Il Caucaso è la culla della viticoltura
Ancora una volta, la scienza conferma come il Caucaso sia stata la culla della viticoltura mondiale, in particolar modo nell’area tra mar Caspio e Mar Nero, caratterizzata da fertili colline a circa mille metri di altitudine, oggi caratterizzate da climi tendenzialmente aridi con piovosità annua tra 350 e 550 millimetri e temperature medie di 13 gradi, ma in antichità interessate da climi più miti, con la vite eurasiatica che si era ben adattata. Dagli studi sono emerse conferme non solo sulla diffusione della viticoltura ma anche sull’uso del vino tra le popolazioni di questa area a nord dell’antica Mesopotamia, appartenenti alla cosiddetta cultura di “Shulaveri-Shomutepe”. Di questi eventi ancestrali di vinificazione, fanno sapere i ricercatori dell’Università di Milano, restano tracce nel mito di Dioniso e nel racconto biblico di Noé che produce il primo vino dopo la fine del diluvio. Il monte Ararat, in cui secondo la tradizione si sarebbe arenata l’Arca, dista poco più di 200 km dall’area di scavo. Difficile, tra le due località di Hajji Firuz Tepe e di Shulaveri e Gadachrili, determinare quale abbia la priorità in relazione alla produzione vinicola e alla cosiddetta domesticazione della vite selvatica, nonché alla sua diffusione. Per gli studiosi, stabilire ciò richiederebbe ulteriori ricerche sul dna delle viti selvatiche. Sta di fatto che, proprio come la cultura vinicola della Georgia contemporanea, il vino probabilmente serviva anche come medicinale, era una sostanza che alterava la mente e una merce molto apprezzata. Per tale motivo, divenne fulcro di culti religiosi, elemento dell’alimentazione, delle economie e della società in generale.

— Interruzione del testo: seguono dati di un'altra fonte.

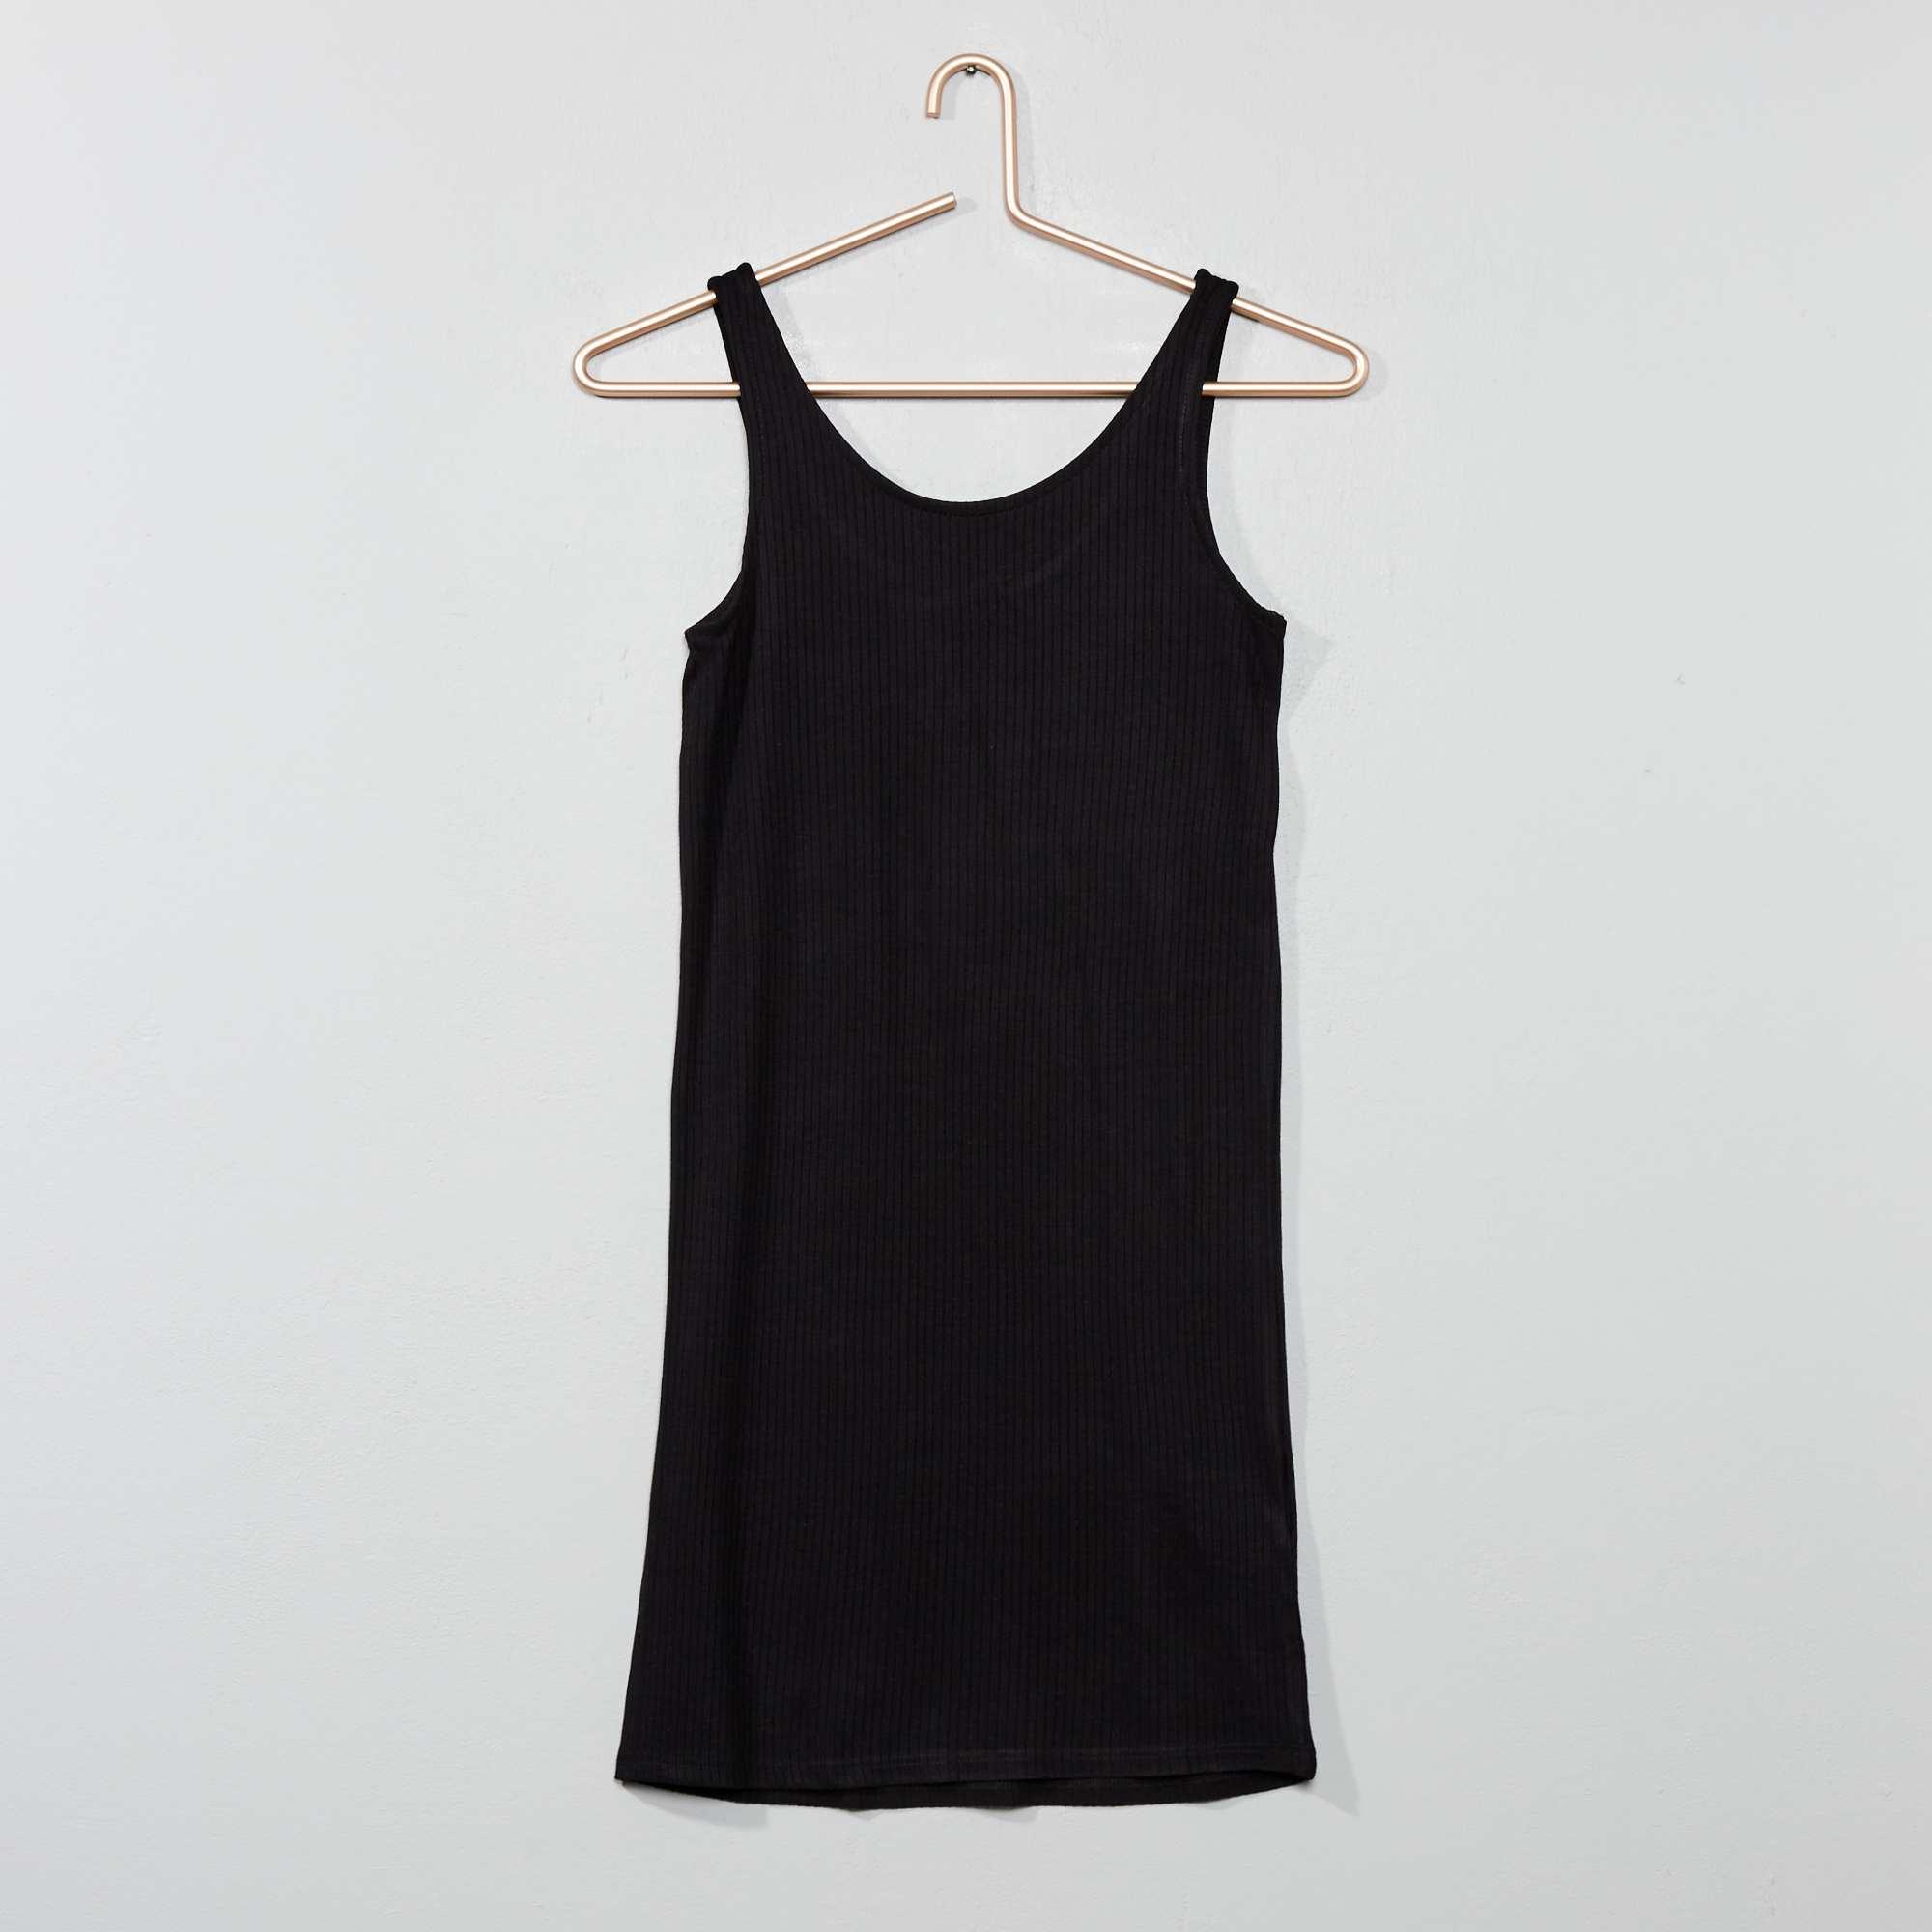 f73c204876b8cb Strakke jurk van ribstof Kinderkleding meisje - zwart - Kiabi - 10

Il gruppo di ricerca italiano non si ferma e sta lavorando a un nuovo studio. Dopo aver contribuito a contestualizzare a livello climatico e biologico la presenza della vite nell’areale archeologico indagato in Georgia, ora studia gli effetti che la variabilità del clima ha avuto nelle fasi successive all’evento di prima vinificazione e fino ai giorni nostri. C’è molto da scoprire ancora sulla storia del vino. Infatti, molte altre regioni del Vicino Oriente, in particolare l’ampio arco montuoso al confine nord della Mezzaluna Fertile, restano da investigare e tutte da studiare da un punto di vista scientifico.